DOI: http://dx.doi.org/10.7554/eLife.09336.010

Presence of two systems (TORC2-Ypk1 and Hog1) might allow cells to adjust optimally to stresses occurring with different intensity, duration, or frequency. Reportedly, Hog1 responds to stresses occurring no more frequently than every 200 s (Hersen et al., 2008; McClean et al., 2009), whereas we found TORC2-Ypk1 signaling responded to hypertonic stress in ≤60 s. Also, the Sln1 and Sho1 sensors that lead to Hog1 activation likely can respond to stimuli that do not affect the TORC2-Ypk1 axis, and vice-versa.

A remaining question is how hyperosmotic stress causes such a rapid and profound reduction in phosphorylation of Ypk1 at its TORC2 sites. This outcome could arise from activation of a phosphatase (other than CN), inhibition of TORC2 catalytic activity, or both. Despite a recent report that Tor2 (the catalytic component of TORC2) interacts physically with Sho1 (Lam et al., 2015), raising the possibility that a Hog1 pathway sensor directly modulates TORC2 activity, we found that hyperosmolarity inactivates TORC2 just as robustly in sho1Δ cells as in wild-type cells. Alternatively, given the role ascribed to the ancillary TORC2 subunits Slm1 and Slm2 (Gaubitz et al., 2015) in delivering Ypk1 to the TORC2 complex (Berchtold et al., 2012; Niles et al., 2012), response to hyperosmotic shock might be mediated by some influence on Slm1 and Slm2. Thus, although the mechanism that abrogates TORC2 phosphorylation of Ypk1 upon hypertonic stress remains to be delineated, this effect and its consequences represent a novel mechanism for sensing and responding to hyperosmolarity.

Materials and methods

Construction of yeast strains and growth conditions

S. cerevisiae strains used in this study (Supplementary file 1) were constructed using standard yeast genetic manipulations (Amberg et al., 2005). For all strains constructed, integration of each DNA fragment of interest into the correct genomic locus was assessed using genomic DNA from isolated colonies of corresponding transformants as the template and PCR amplification with an oligonucleotide primer complementary to the integrated DNA and a reverse oligonucleotide primer complementary to chromosomal DNA at least 150 bp away from the integration site, thereby confirming that the DNA fragment was integrated at the correct locus. Finally, the nucleotide sequence of each resulting reaction product was determined to confirm that it had the correct sequence. Yeast cultures were grown in rich medium (YPD; 1% yeast extract, 2% peptone, 2% glucose) or in defined minimal medium (SCD; 0.67% yeast nitrogen base, 2% glucose) supplemented with the appropriate nutrients to permit growth of auxotrophs and/or to select for plasmids.

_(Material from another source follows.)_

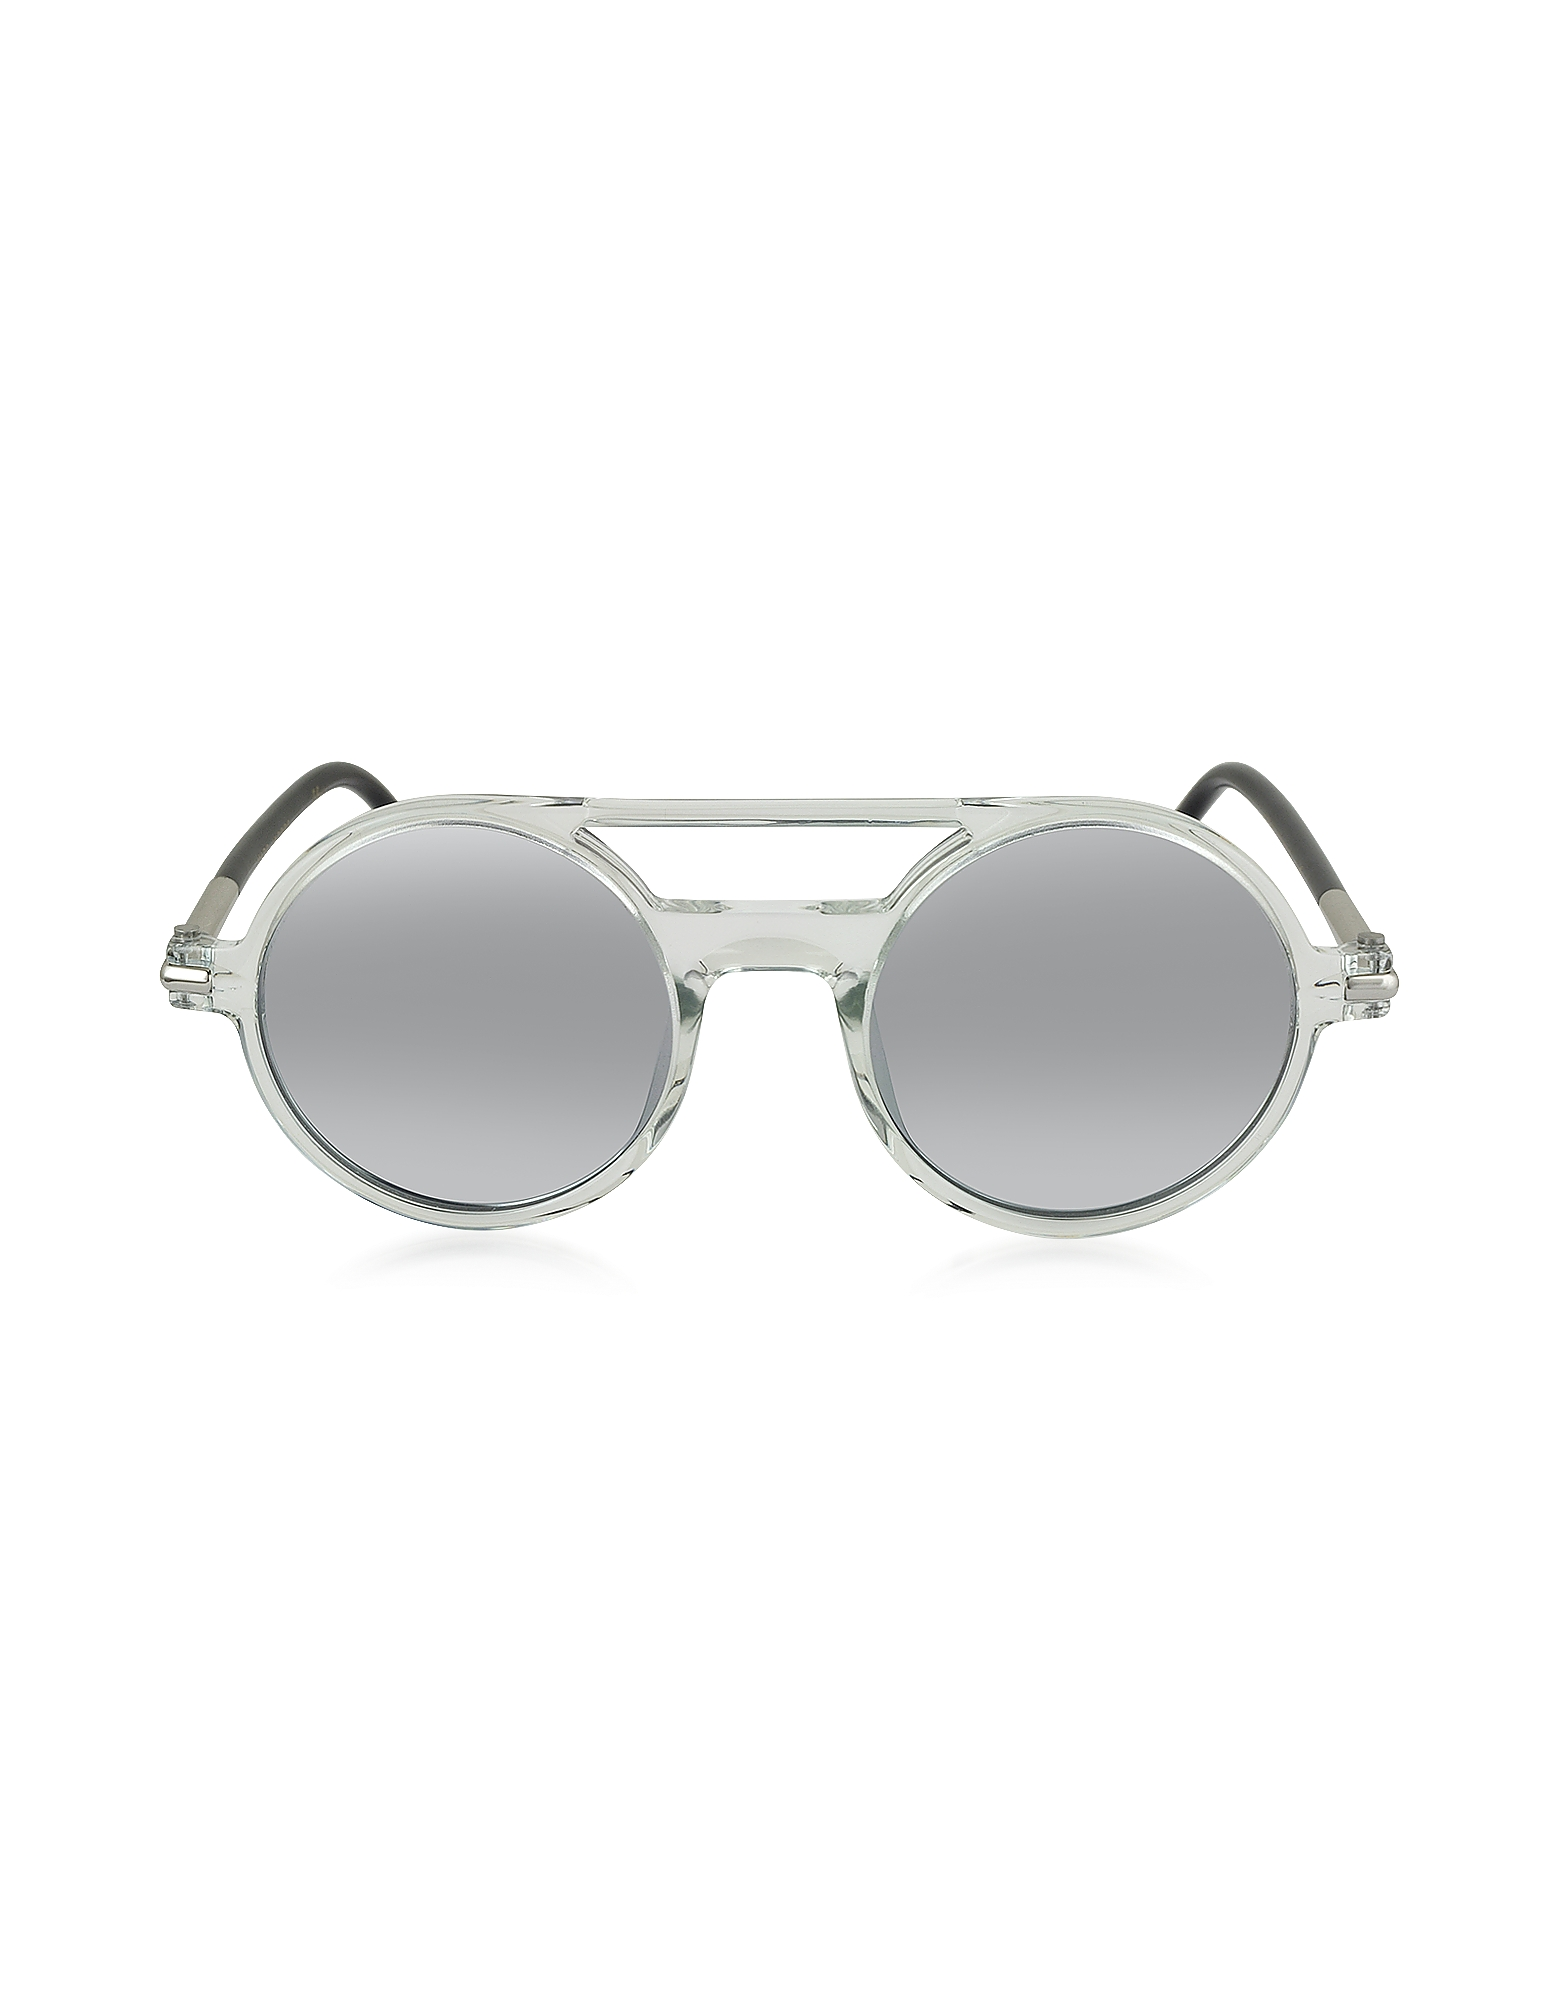 Marc Jacobs Sunglasses, MARC 45/S Acetate Round Aviator Women's Sunglasses
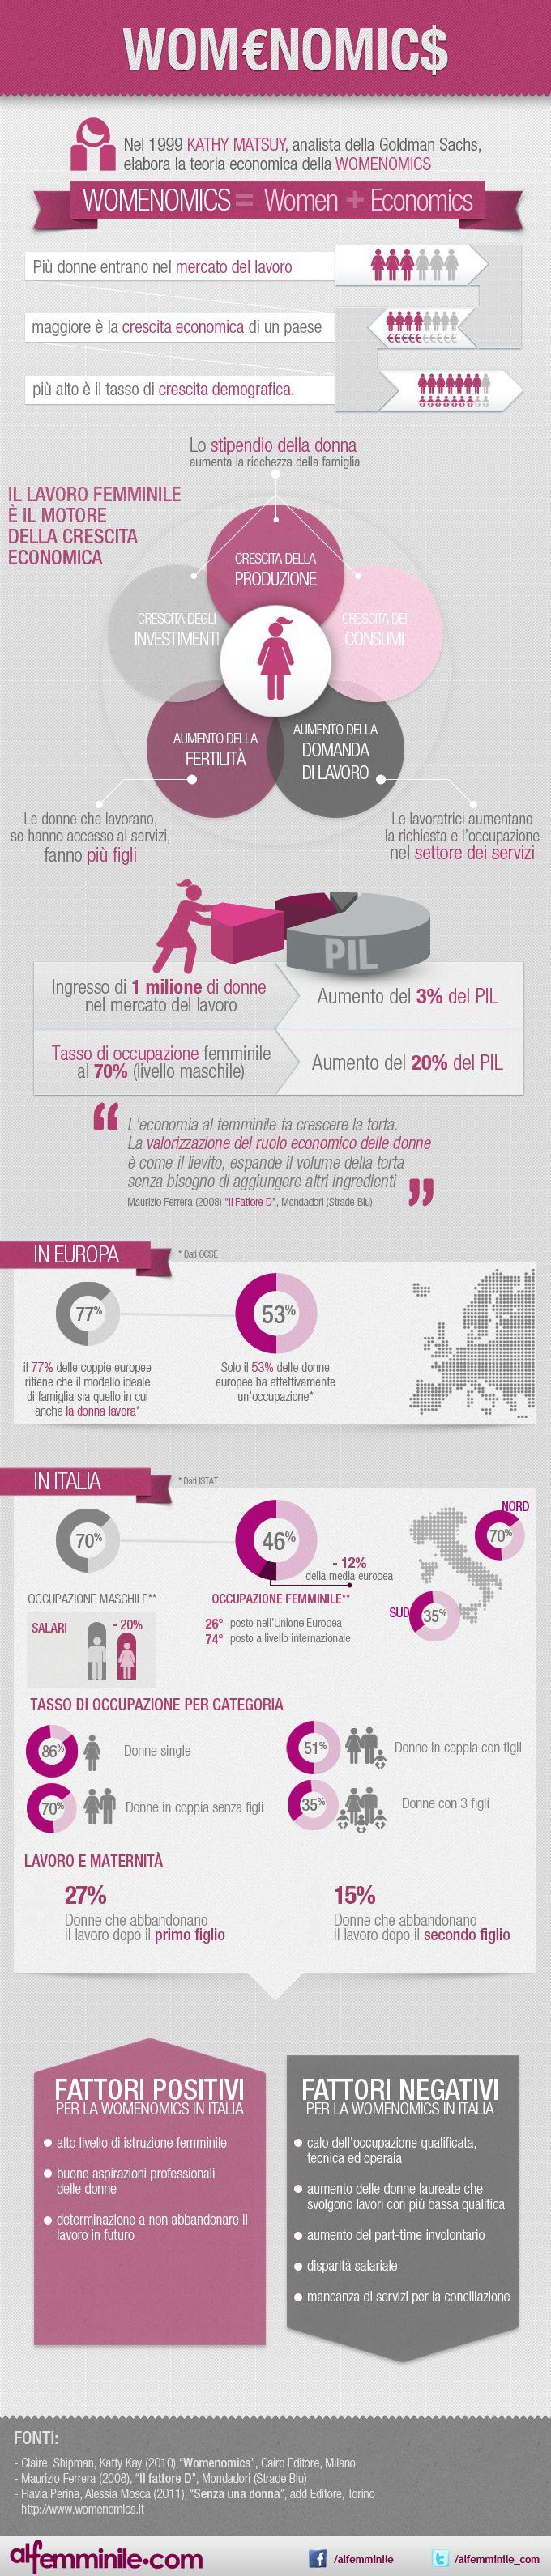 Womenomics: infografica

Plasmids and recombinant DNA methods

All plasmids used in this study (Supplementary file 2) were constructed using standard laboratory methods (Green and Sambrook, 2012) or by Gibson assembly (Gibson et al., 2009) using the Gibson Assembly Master Mix Kit according to the manufacturer's specifications (New England Biolabs, Ipswich, Massachusetts, United States). All constructs generated in this study were confirmed by nucleotide sequence analysis covering all promoter and coding regions in the construct.

Preparation of cell extracts and immunoblotting

Yeast cell extracts were prepared by an alkaline lysis and trichloroacetic acid (TCA) precipitation method, as described previously (Westfall et al., 2008). For samples analyzed by immunoblotting, the precipitated proteins were resolubilized and resolved by SDS-PAGE, as described below. For samples subjected to phosphatase treatment, the precipitated proteins were resolubilized in 100 µl solubilization buffer (2% SDS, 2% β-mercaptoethanol, 150 mM NaCl, 50 mM Tris-HCl [pH 8.0]), diluted with 900 µl calf intestinal phosphatase dilution buffer (11.1 mM MgCl2, 150 mM NaCl, 50 mM Tris-HCl [pH 8.0]), incubated with calf intestinal alkaline phosphatase (350 U; New England Biolabs) for 4 hr at 37°C, recollected by TCA precipitation, resolved by SDS-PAGE, and analyzed by immunobotting. To resolve Gpt2 and its phosphorylated isoforms, samples (15 μl) of solubilized protein were subjected to SDS-PAGE at 120 V in 8% acrylamide gels polymerized and crosslinked with a ratio of acrylamide:bisacrylamide::75:1. To resolve Fps1 and Ypk1 and their phosphorylated isoforms, samples (15 μl) of solubilized protein were subjected to Phos-tag SDS-PAGE (Kinoshita et al., 2009) (8% acrylamide, 35 µM Phos-tag [Wako Chemicals USA, Inc.], 35 µM MnCl2) at 160 V.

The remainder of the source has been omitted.